The Vizag gas leak incident further raises questions on the degree of compliance with various rules in this regard. For instance, Rule 13 of the Manufacture, Storage and Import of Hazardous Chemical Rules, 1989 requires the concerned industries to keep "up-to-date an on-site emergency plan". It requires "that every person on the site who is affected by the plan is informed of its relevant provisions." It is also the duty of the occupier to ensure "that a mock drill of the on-site emergency plan is conducted every six months." Rule 14 read with Schedule 5 thereof requires the District Collector or District Emergency Authority designated by the State Government to prepare an off-site emergency plan. Was there an up-to-date emergency on-site plan to tackle such an accident? Had the residents in the nearby area been informed of the potential risks associated with the industry? Were any mock drills conducted?
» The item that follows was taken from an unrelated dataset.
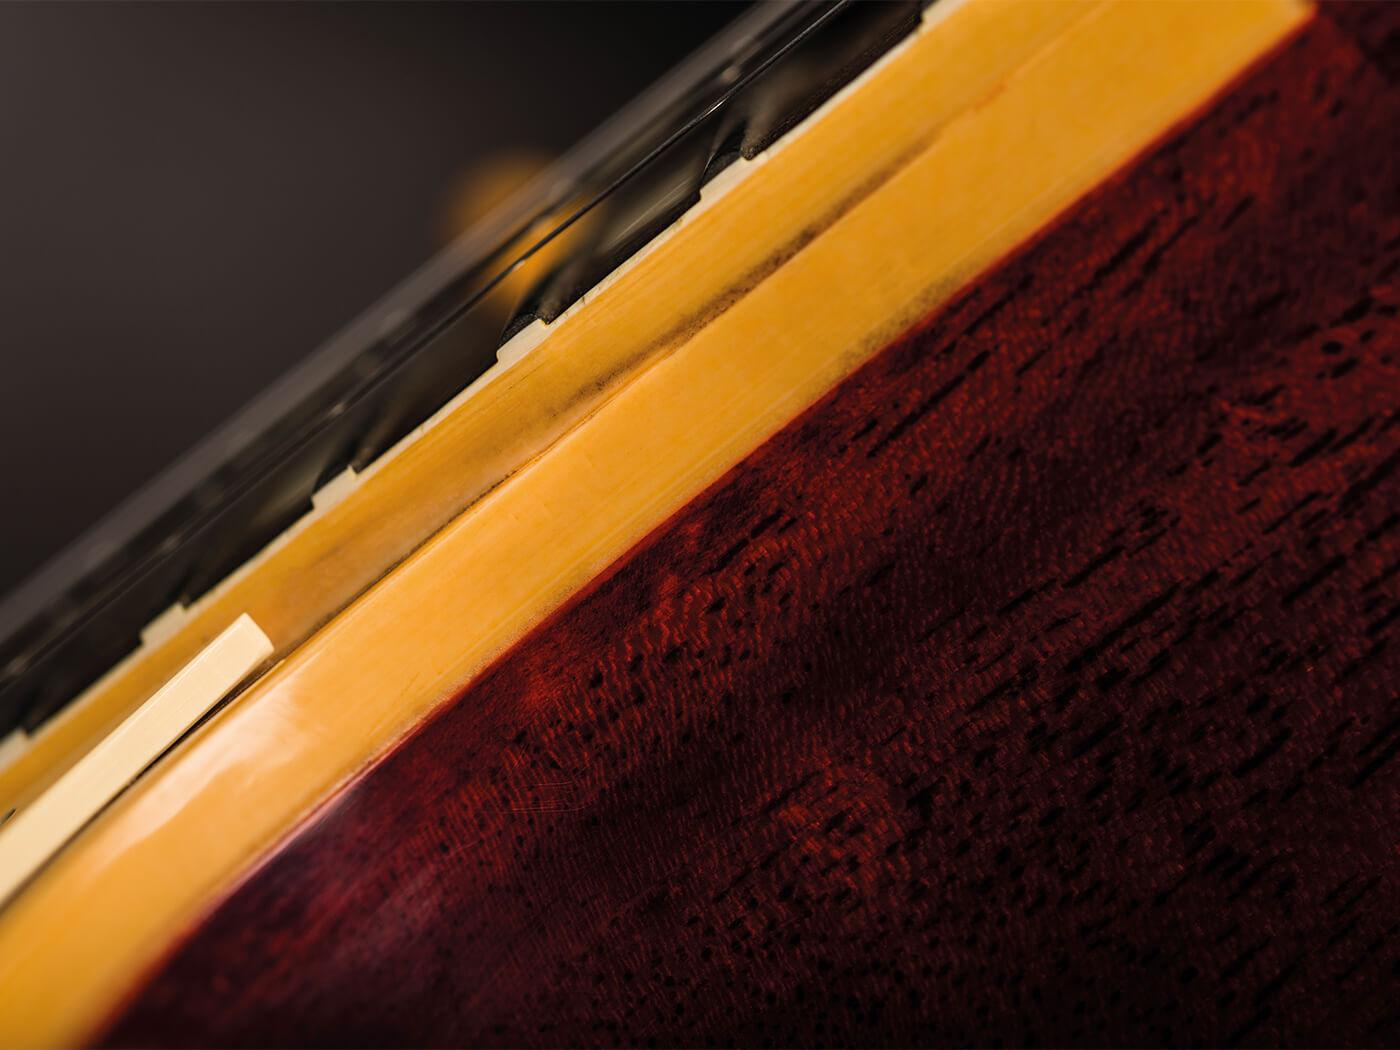 Gibson Custom 60th Anniversary 1959 Les Paul Standard cutaway

The public in general and the people who are 'communities at risk' have the right to be informed in this regard. The industry and the authorities concerned owe an explanation and this is very important before a more disturbing picture emerges with the opening of another similar red category (high polluting) industry as the lockdown restrictions are eased in India.
[i] Rule 2(e) read with Entry 583 of Schedule I to the Manufacture, Storage and Import of Hazardous Chemical Rules, 1989.
[ii] M.C. Mehta v. Union of India, AIR 1987 SC 1086.
[iii] Indian Council for Enviro-Legal Action v. Union of India, AIR 1996 SC 1446.